Questi e molti altri esempi sono stati recentemente raccolti in una guida alla giustizia climatica,”People’s Guide” (https://storage.googleapis.com/planet4-international-stateless/2018/12/9e855f60-peoples-guide_fnl.pdf) presentata da Greenpeace proprio qui alla COP24, dove molti altri giovani cercano informazioni per avvicinarsi a questo tipo di attivismo per proteggere il loro paese dalle scelte sbagliate della politica. Il contenzioso climatico, nonostante possa essere giudicato uno strumento troppo lento e dispendioso, viene considerato di grande impatto per diffondere conoscenza su un tema troppo spesso ignorato. Avvocati, organizzazioni, personaggi famosi sono soggetti che in molti casi contribuiscono a mantenere vivo l’interesse per queste cause e a raccogliere i fondi necessari alla “battaglia”. Le varie attiviste presenti all’evento erano concordi nel dire come non sia tanto importante la vittoria ottenuta nella corte giuridica, quanto quella nella corte dell’opinione pubblica, che a sua volta potrà fare richieste al proprio governo.
Questo tipo di cause è solo una piccola parte del movimento globale che si sta diffondendo nell’ultimo decennio. Sono presenti oggi varie tipologie di contenziosi legati ai cambiamenti climatici, ma con scopi diversi tra loro, come le cause legate all’adattamento, ossia alla necessità dell’intervento del governo quando i disastri naturali hanno già colpito le comunità o le cause verso i privati e le industrie.

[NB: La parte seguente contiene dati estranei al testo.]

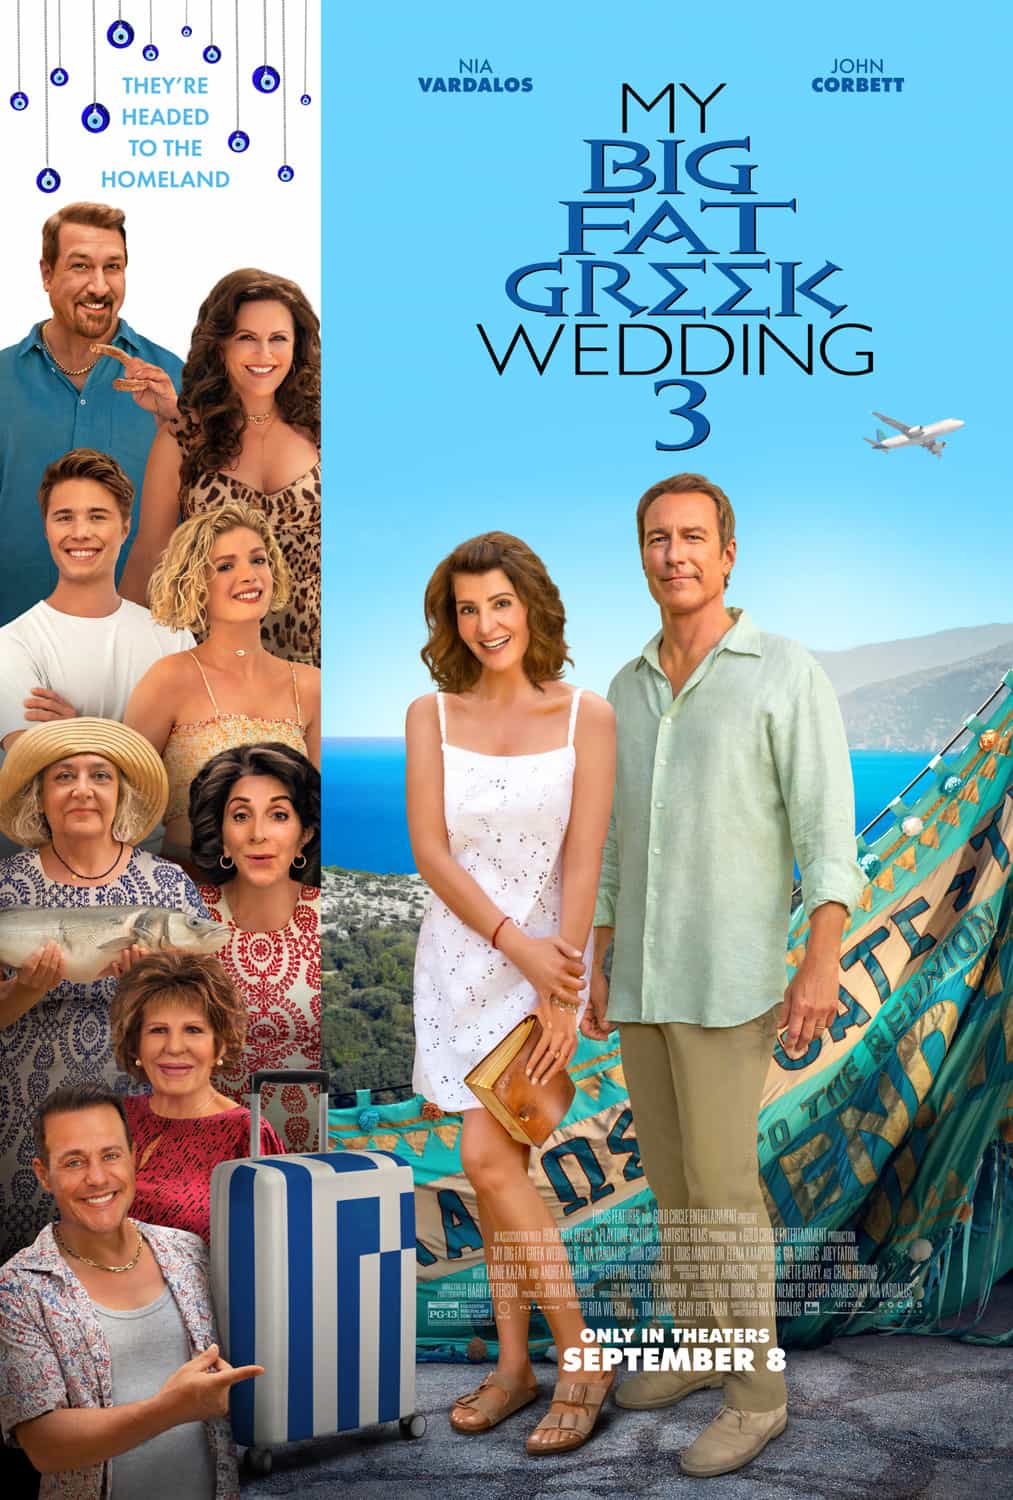 New poster has been released for My Big Fat Greek Wedding 3 which stars Nia Vardalos and John Corbett - movie UK release date 8th September 2023 #mybigfatgreekwedding3

Un metodo alternativo per cercare di cambiare in modo effettivo le risposte degli stati all’emergenza “clima” è la riforma legislativa. Durante il side event “Supportare l’implementazione dell’accordo di Parigi tramite il contenzioso e le riforme legislative”, Martial Breton di CliMates (https://www.weareclimates.org/) ha presentato una rivoluzionaria proposta. CliMates sta cercando di spingere verso una riforma della Costituzione francese come opportunità per apportare miglioramenti nei principi ecologici e proporre una vera e propria Costituzionale Ecologica. Il loro piano è quello di inserire i temi del clima e della biodiversità nel Preambolo della Costituzione e di sottolineare il principio della non regressione, per fare in modo che i politici non possano tornare indietro rispetto agli impegni presi.
Noi giovani siamo stati ispirati da queste storie di attivismo e, come Louise Fournier ha rimarcato, siamo convinti che le cause climatiche siano il futuro della nostra generazione. Infatti, saremo noi “gli ultimi che avranno ancora la possibilità di attivarsi per evitare gli impatti peggiori del cambiamento climatico”.